LONDON, April 8, 2015 (www.LifeSiteNews.com) – The number of young children – some as young as three – being referred to the UK's National Health Service for transgender treatments has quadrupled in the last six years, according to the Tavistock and Portman Trust, a NHS center that specializes in gender issues for children under 18.
The mental health clinic reported that 77 children under 11 years old had been referred to its Gender Identity Development Service in 2014. Of those, 20 were only three or four years old.
In 2009-10 the center said it had 19 such referrals total.
A spokesperson for Tavistock and Portman Trust said that while gender dysphoria in children is a “complex and rare condition” which is “frequently associated with distress which may increase at puberty…there is not one straightforward explanation for the increase in referrals.”
He added that “it's important to note that gender expression is diversifying, which makes it all the more important that young people have the opportunity to explore and develop their own path with the support of specialist services.”
Noting this trend, British media reported the story of eight-year-old “Jessica,” a biological boy, who told the BBC that he is so happy now that he can live as though he were a female. “I really didn't want to be a boy,” he said. “It was really frustrating for me. It feels like I'm in the wrong body.”
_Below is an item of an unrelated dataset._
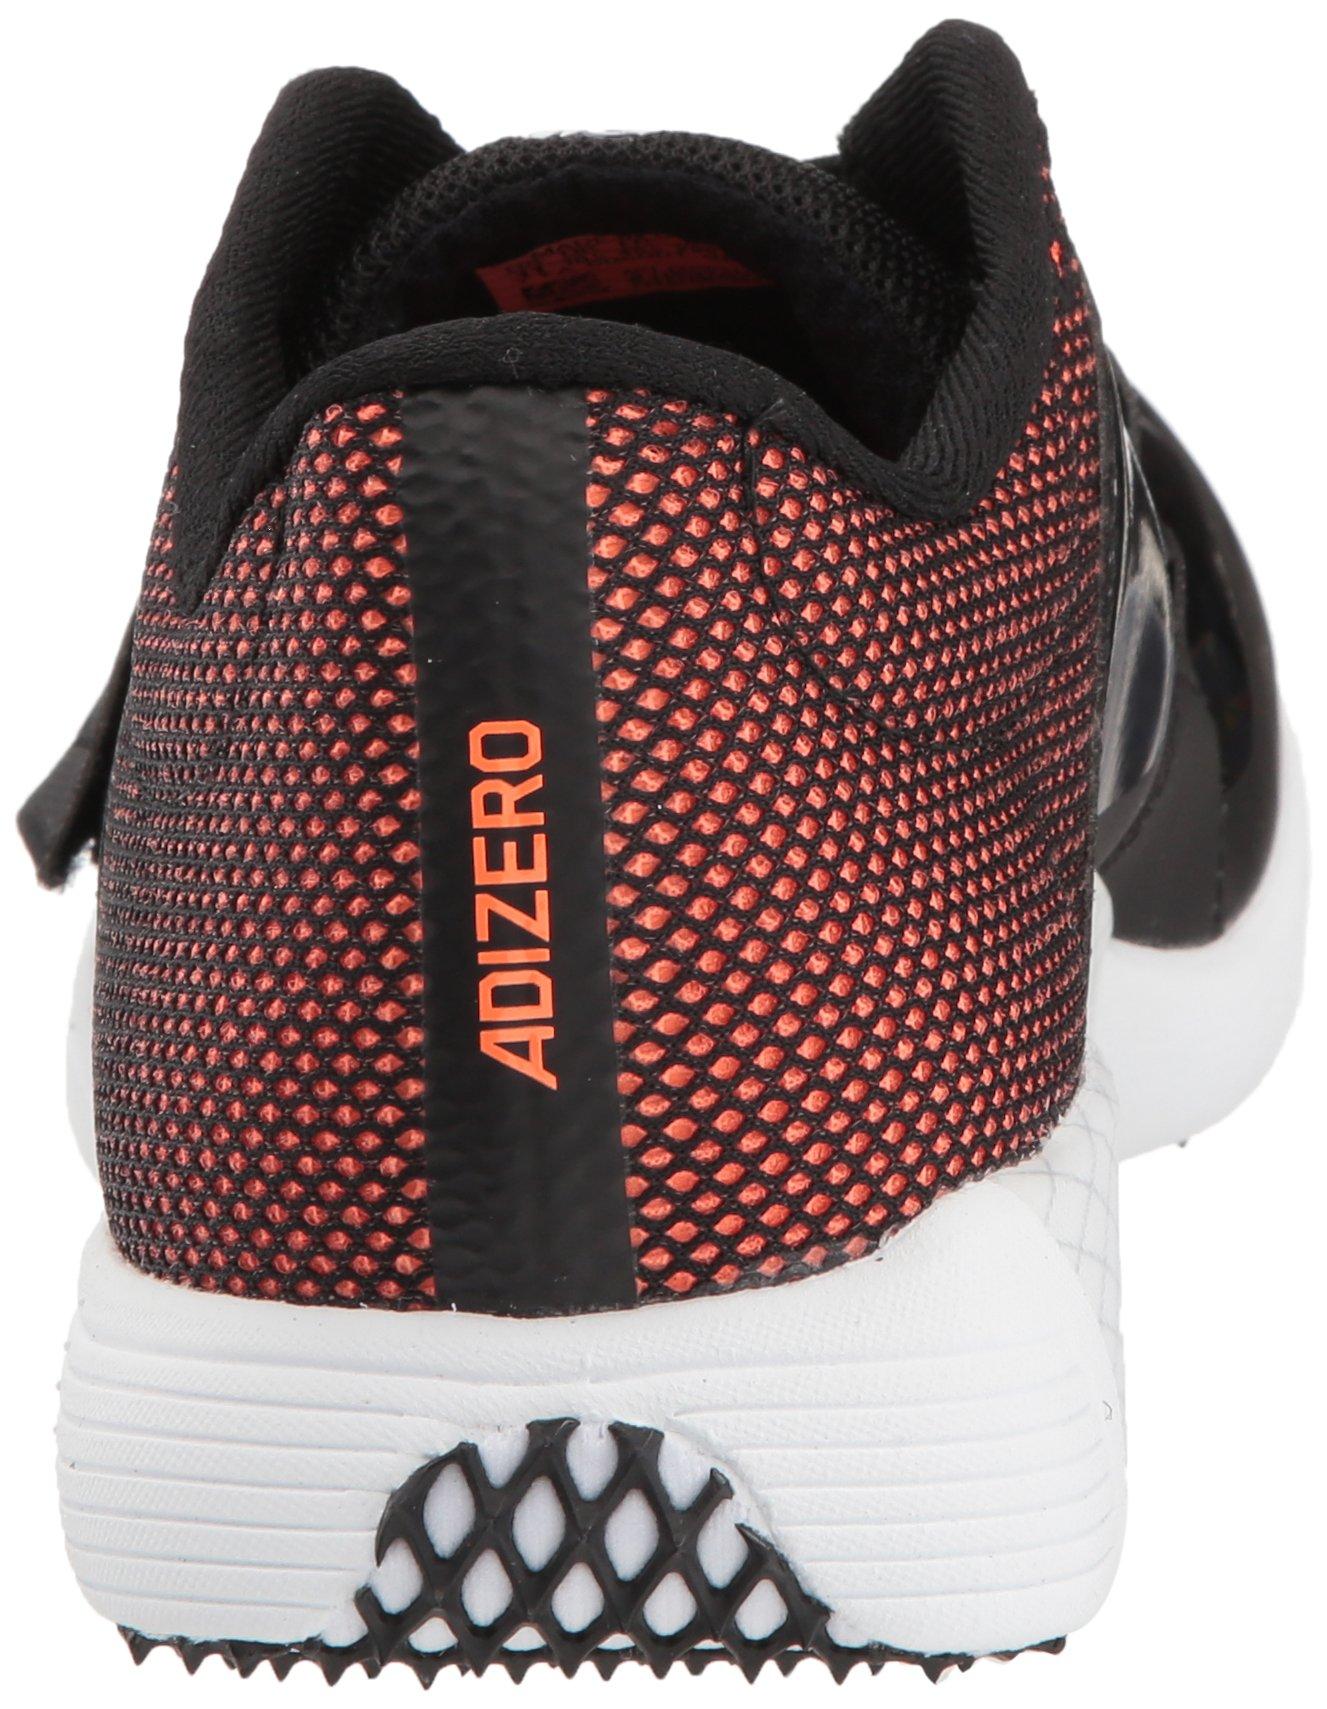 adidas Adizero tj/pv Running Shoe core Black, FTWR White, Orange 13.5 M US by adidas (Image #2)

The boy's mother, who is in a lesbian relationship, was accused by a relative of “conditioning” her son to want to be female. She reportedly dismissed this claim as “absurd.”
However, not everyone is celebrating. Columnist and commentator Carole Malone wonders why health care money is being “wasted” on transgender treatments for three-year-olds who “can't decide whether he wants fish fingers or baked beans for tea.”
“How on earth would he know he was born in the wrong body?” she asked. “And how would such a young child be able to express that kind of emotion?”
She warned, in an editorial in the Mirror, that, “My fear in all this is that if a child is put into a state-funded 'transgender' monitoring system at three – they might never get out of it. They might never be able to – or be allowed to – think independently, and be steered into believing they're something they are not.”
Dr. Rick Fitzgibbons, a psychiatrist and the director of Comprehensive Counseling Services near Philadelphia, shares Malone's concern.
In an article published earlier this year in Aleteia, Dr. Fitzgibbons said that “important medical and psychological issues need to be considered before the educational, medical, political and judicial systems rush headlong into a process of affirming in youth and in their parents a fixed false belief that a person can be a sex that is not consistent with their biological and genetic identity and that such individuals have the right to transgender surgery. Fixed false beliefs are identified in the mental health field as manifestations of a serious thinking disorder, specifically a delusion.”
“Today youth with gender confusion are being encouraged to consider sexual reassignment surgery without being warned of the severe risks associated with such surgery or being given informed consent about other treatment that could resolve their confusion,” he said.
“For example,” Dr. Fitzgibbons continued, “a 2011 follow up of SRS [sexual reassignment surgery] from Sweden demonstrated that persons after sex reassignment, have considerably higher risks for mortality, suicidal behavior, and psychiatric morbidity than the general population.”
Dr. Paul McHugh, the former chair of psychiatry at Johns Hopkins, wrote in the Wall Street Journal about finding such evidence in his research.
Dr. McHugh said, “Most shockingly, their suicide mortality rose almost 20-fold above the comparable non-transgender population. This disturbing result has as yet no explanation but probably reflects the growing sense of isolation reported by the aging transgendered after surgery. The high suicide rate certainly challenges the surgery prescription.”
McHugh observed that, “When children who reported transgender feelings were tracked without medical or surgical treatment at both Vanderbilt University and London's Portman Clinic, 70 to 80 percent of them spontaneously lost those feelings.”
Dr. Fitzgibbons also points to the dissemination of “gender theory” in the education system as a cause of the perceived increase in gender identity disorder (GID) in children and youth.
“Today,” Fitzgibbons wrote, “another important motivational factor related to transgender identity is the exposure of youth to gender theory in college, which can result in their embrace of postmodern philosophies focused on freedom as an end in itself.”
He said that such ideas came from sources including the writings of Friedrich Nietzsche and Jean-Paul Sartre.
“If freedom (some would call it license) is the greatest good in the world, then why should anyone be constrained by biology?” he asked. “One’s sex as male and female is seen not as a gift but as a constraint that must be overcome, so if technology can alter one’s body, then so be it.”
Dr. Fitzgibbons said that information about the serious medical and psychiatric issues associated with transgender treatments must be made available to youth who are confused about their gender.
“Pediatricians, mental health professionals, physicians, nurses and school counselors have a clear legal responsibility to do so and parents, family members, educators, politicians and clergy have a moral responsibility to protect youth,” Fitzgibbons concluded.